No obstante, esa gigantesca ola que lo catapultaría hasta el Palacio de Miraflores, luego de
un triunfo clamoroso, no se había formado en las convicciones democráticas del pueblo
venezolano. Tanto los sectores populares, como la clase media y las élites dirigentes no le
abrieron el camino al poder por la súbita mesura que adoptó su mensaje, sus virtudes
cívicas o su sorpresiva conversión democrática. Era cierto que la toma del poder por las
armas no seducía a las masas como una propuesta atractiva, rechazada casi instintivamente,
tal y como lo demostraba la indiferencia con que se acogía su discurso. Pero también lo era
que nunca habría habido un 6 de diciembre de 1998 sin un 4 de febrero de 1992.

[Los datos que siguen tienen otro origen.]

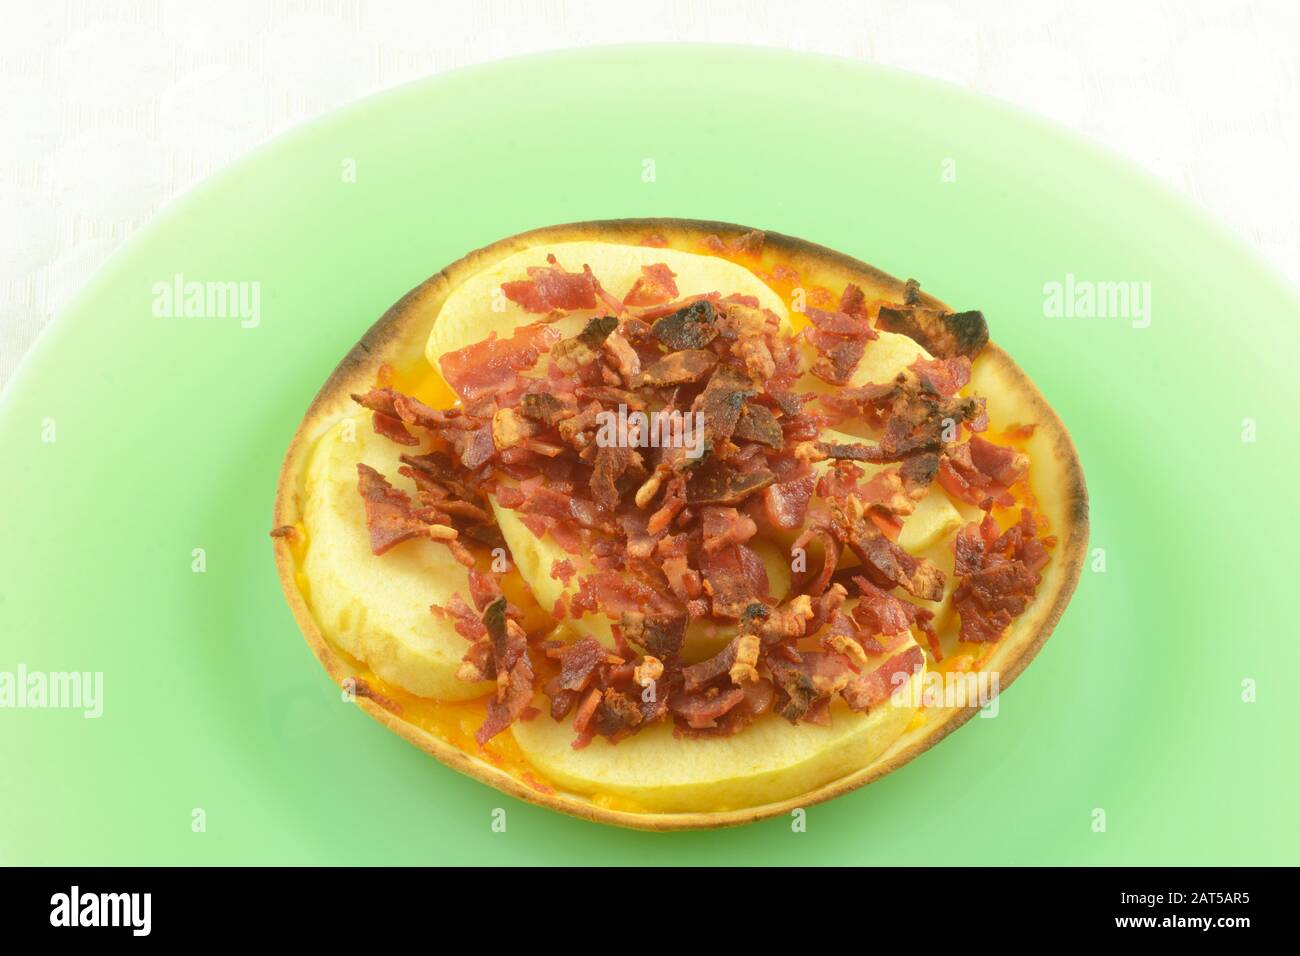 https://c8.alamy.com/comp/2AT5AR5/healthy-snack-of-melted-cheese-apple-slices-and-turkey-bacon-bits-on-tortilla-on-green-plate-with-white-tablecloth-background-2AT5AR5.jpg

De manera que si la gran mayoría hubiese rechazado un Chávez triunfante al frente de una
revolución sangrienta (todas deben serlo), no tuvo problema para convertirlo (en la derrota)
en héroe nacional, antítesis de todo lo que representaba un sistema agotado y sumido en la
decadencia, luego de observarlo, con la boca abierta, cómo se echaba sobre las hombros la
responsabilidad de la violenta asonada y advertía que si no se había triunfado eso era "por
ahora". En 30 segundos de televisión Chávez echó por tierra 40 años de democracia
representativa y valores, principios, convicciones e instituciones democráticas, tejidas
durante largos años, volaron en mil pedazos a partir de aquel mensaje de rendición que
lucía como todo lo contrario.
De allí en adelante el país entró en la onda golpista y de las condenas al golpe el mudable
talante de los políticos pasó a instalarse en una corriente de opinión, hasta el momento
subyacente, que no sólo justificaba el intento por liquidar la democracia, sino que lo
aplaudía frenéticamente. De un día para otro el grupo de golpistas se convertía en objeto de
culto, auténticas estrellas de rock, en este caso, en su versión heavy metal, ciegamente
idolatradas por sus fans. Y así, el jefe de la insurrección a quien, en cualquier otro país, se
le habría considerado como el autor de un delito grave que demandaba castigo ejemplar, se
hizo personaje célebre.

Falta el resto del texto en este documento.